# The one named Cow.



## DingoMutt (Feb 27, 2008)

I, being the rat obsessed youth that I was, desired something small and fuzzy, despite being the owner of three dogs. I wanted a rat because it would be a tiny and fluffy animal I could take care of and be with whenever I wanted. So, I asked my parents. I got my way a year or so later. And as I stood in line at the petstore, with two rats and all the supplies I needed, I was overjoyed. I got home and in they went.

I only owned Cow for 3 weeks, but he was the best first rat I could have. He was exactly what I wanted, but on one fateful Saturday I went to the mall, and I came home. I had shared breakfast with Cow, and I was looking forward to seeing him after a long day away. And I picked up and handled him daintily, for he had been a baby since the day I purchased him, he was small and didn't grow at all. I gave him a quick kiss, and put him back in the cage. I had recently been spending a lot of time with Steve, my other rat, because his eye was looking pretty bad, and I was afraid his days were numbered. But then I watched Cow do a little backflip and fall, and then try to stand, only to fall once more. I picked him up, horrified, and he was breathing heavily. I began to freak out, on the verge of tears as we all are when our worst fears are realized.

Mom and Dad dubbed him dieing, and we put him in a box with some shavings so he could die in peace. And that he did.
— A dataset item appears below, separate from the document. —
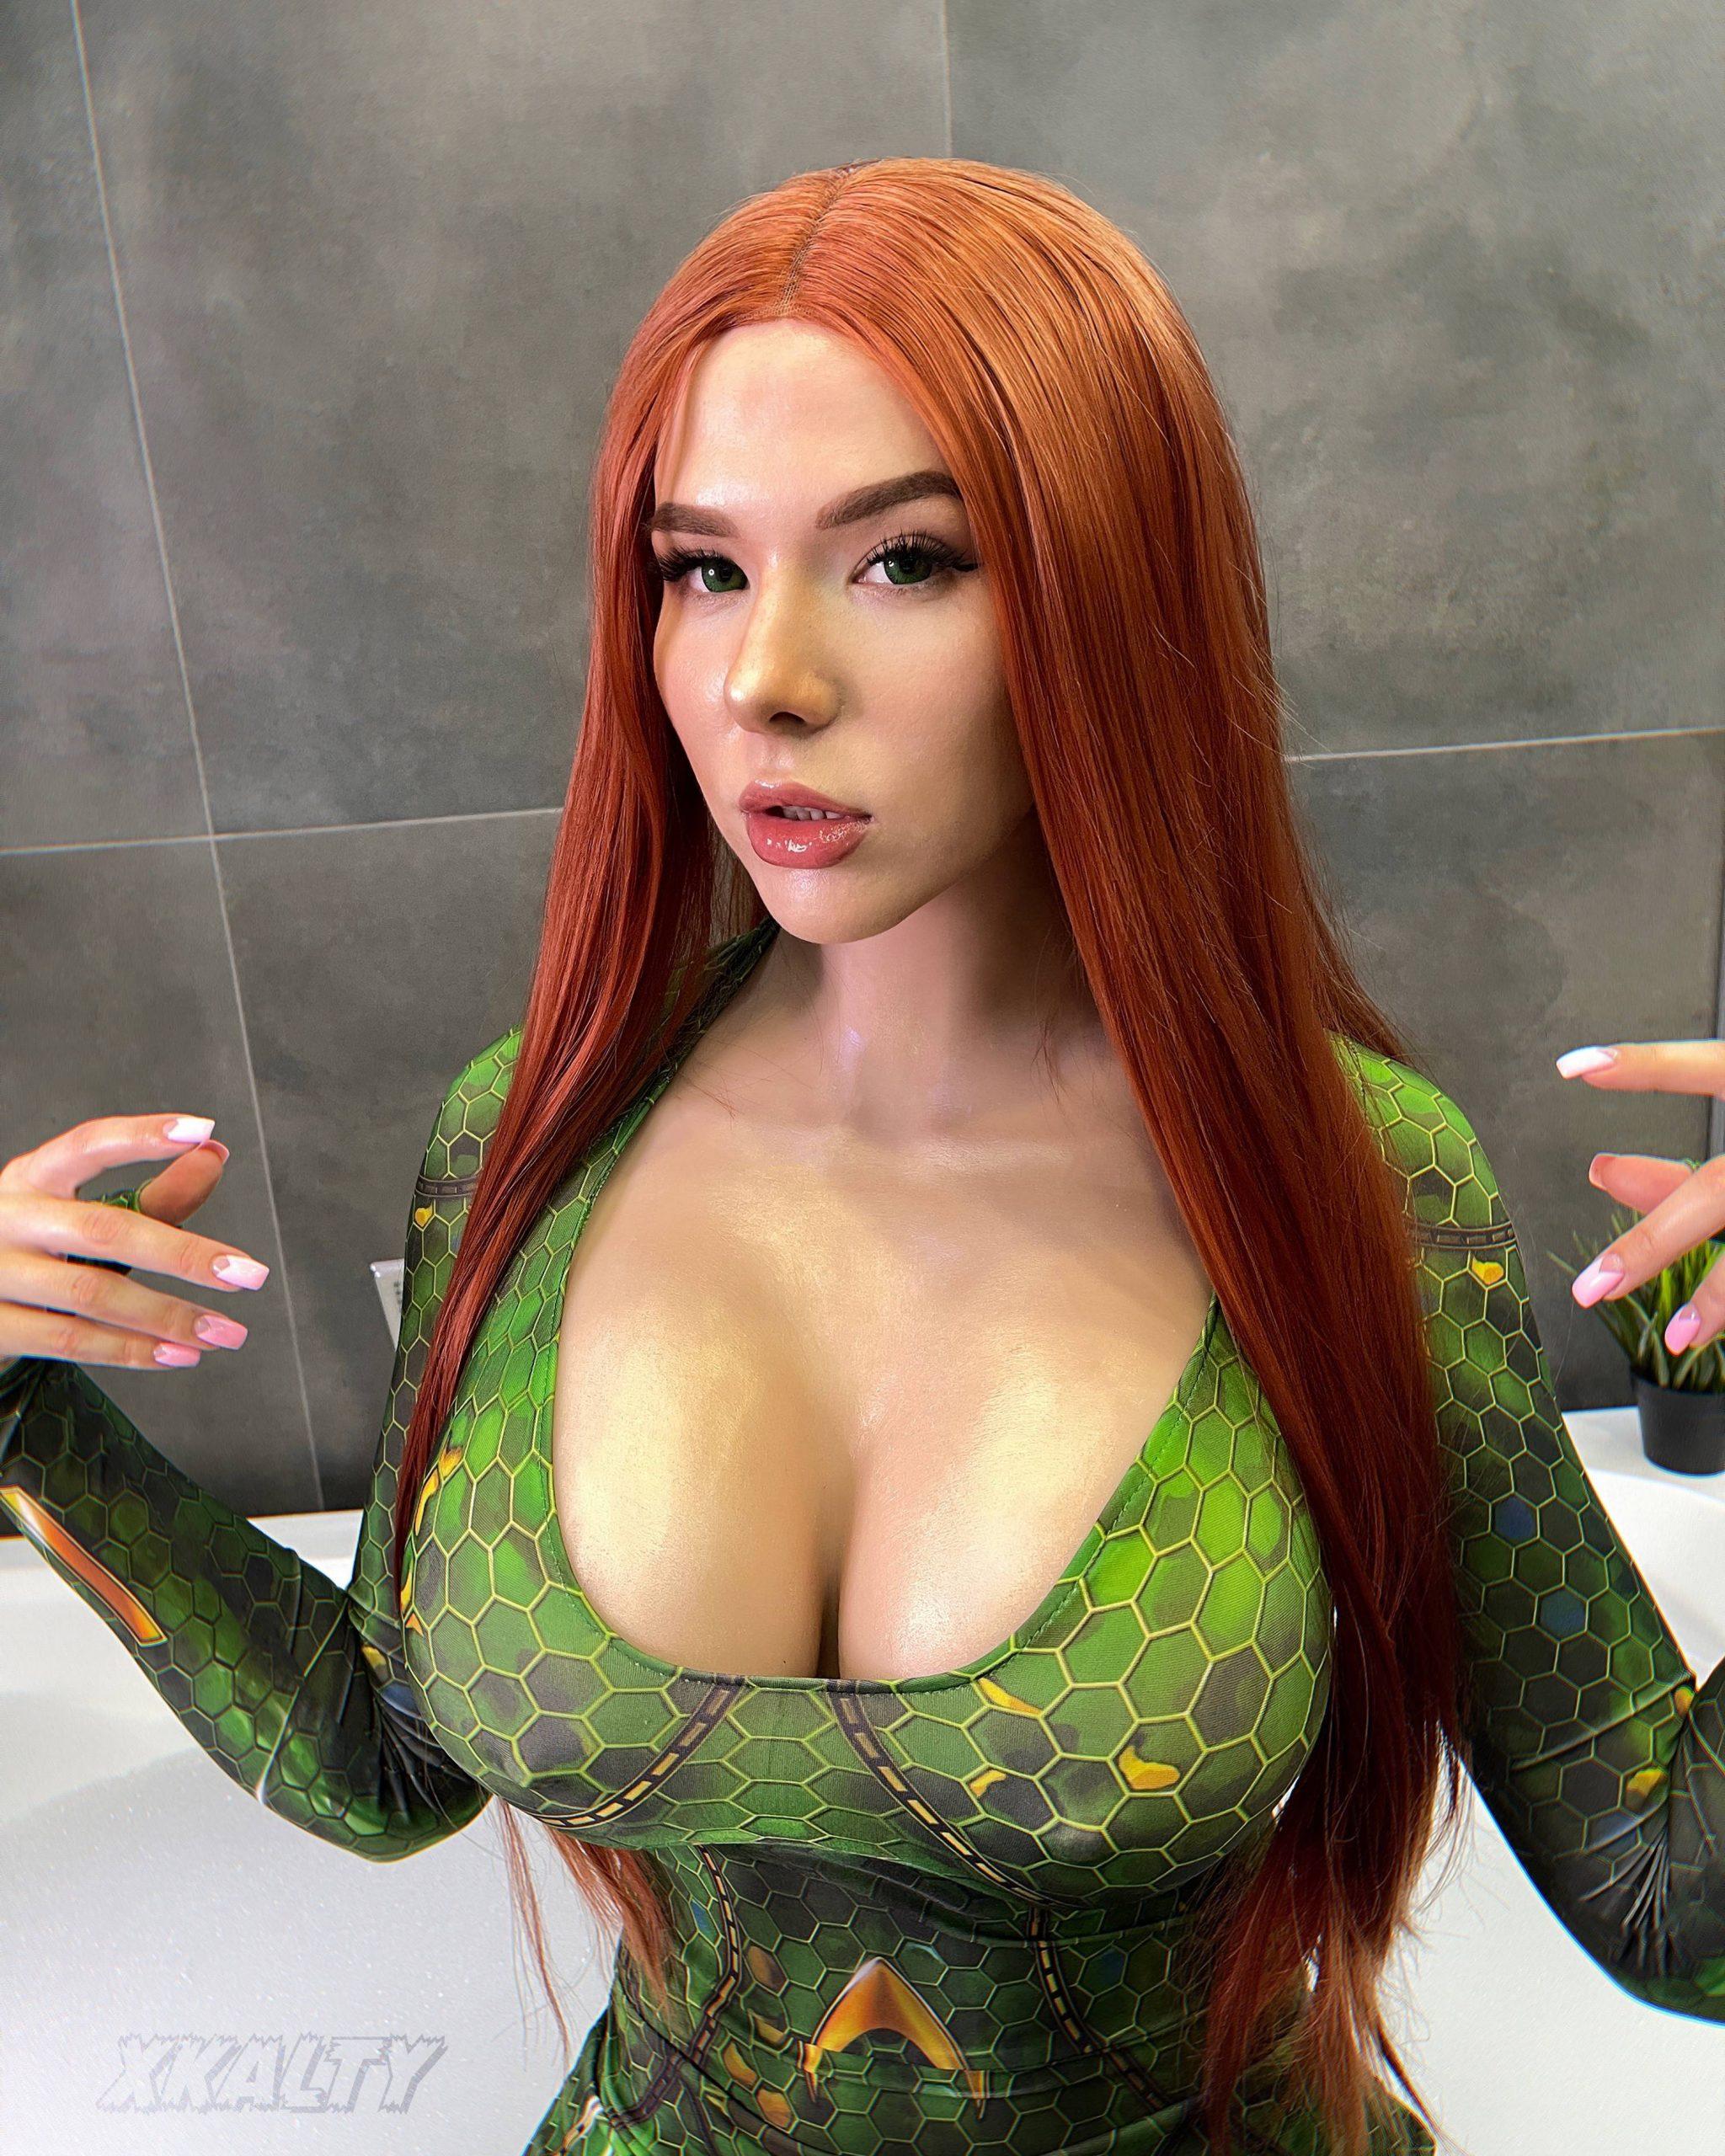 Mera From Aquaman – By Xkalty
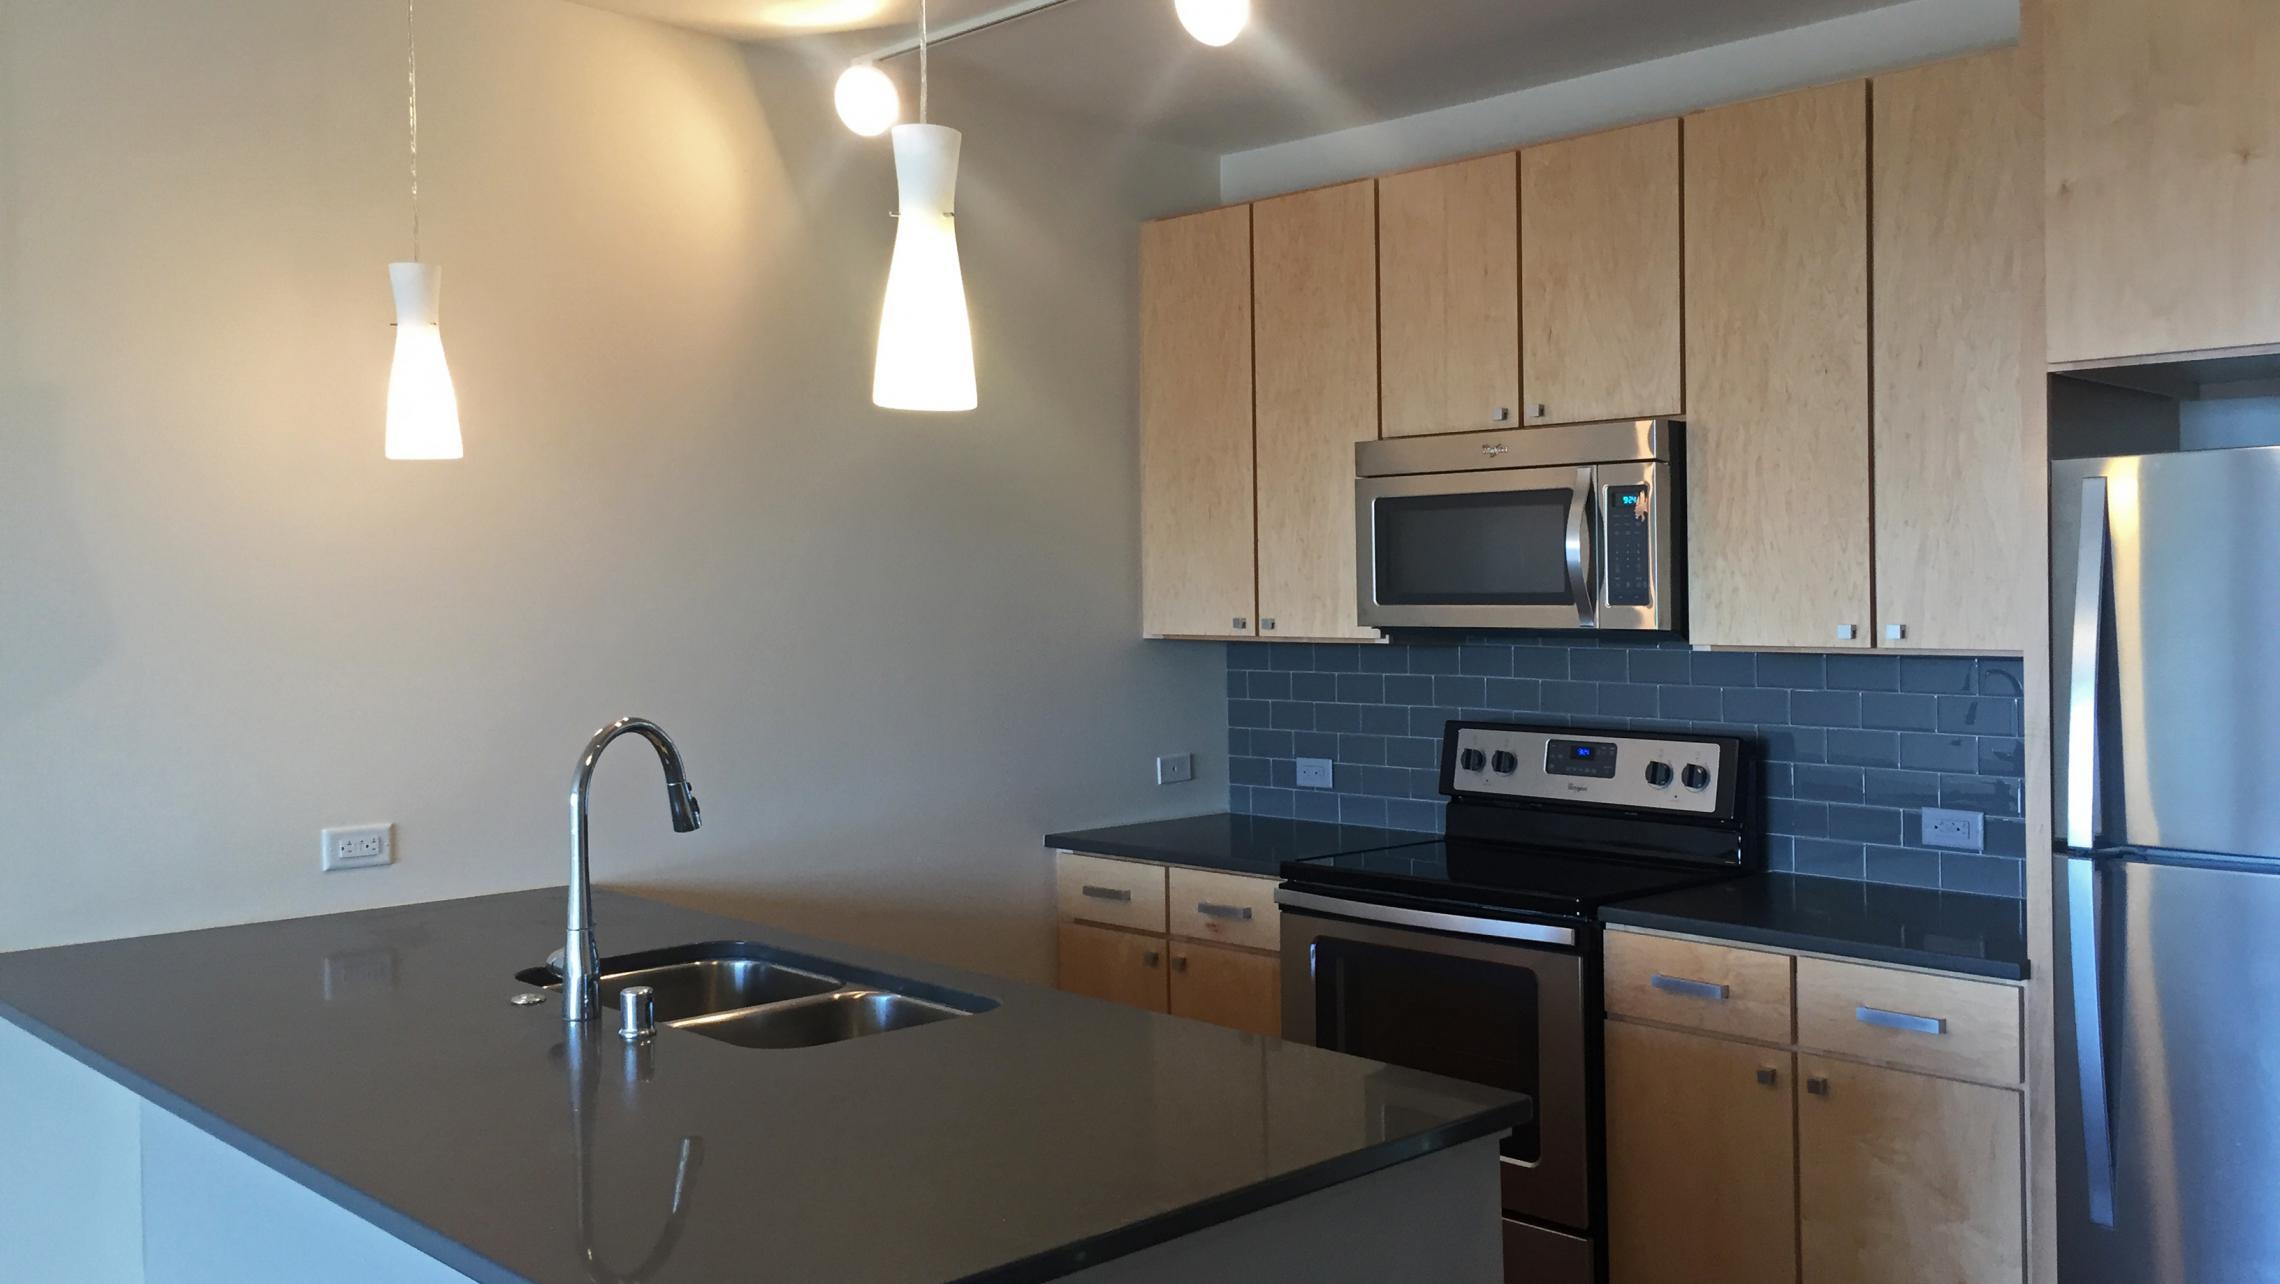 ULI Nine Line Apartment 323 - Kitchen Island

Twenty minutes later we prepared him a piece of tubberware that we would use as a coffin, and I placed shavings and food in there, and he was buried in our side yard.

[align=center]










RIP
Cow
A mismatched hooded male
2-1-08 -- 2-23-08[/align]


----------



## crapola (Feb 12, 2007)

i'm so sorry for your loss


----------



## DingoMutt (Feb 27, 2008)

Thanks, and when I think about Cow now, I remember the good times, and the fact that he waited for me to come home. He was so good to me, it makes me cry. I'm actually crying as I type this, my poor baby... He waited for me...


----------



## DingoMutt (Feb 27, 2008)

I apologize for double posting, but his companion, Steve, just passed away.


----------



## jesirose (Feb 22, 2008)

So sorry to hear it. He is such a cute little boy and it sounds like he was a great pet. It's got to be harder to lose both of them so close together.


----------



## twitch (Jan 4, 2007)

i'm sorry for your losses. but i would be greatly concerned with the quality of pets that pet store is selling. when i saw cow i thought maybe megacolon (later onset though rare can occur) from his markings but now i'm not so sure where steve has died as well. were there any symptoms of any sign of illness or stress? 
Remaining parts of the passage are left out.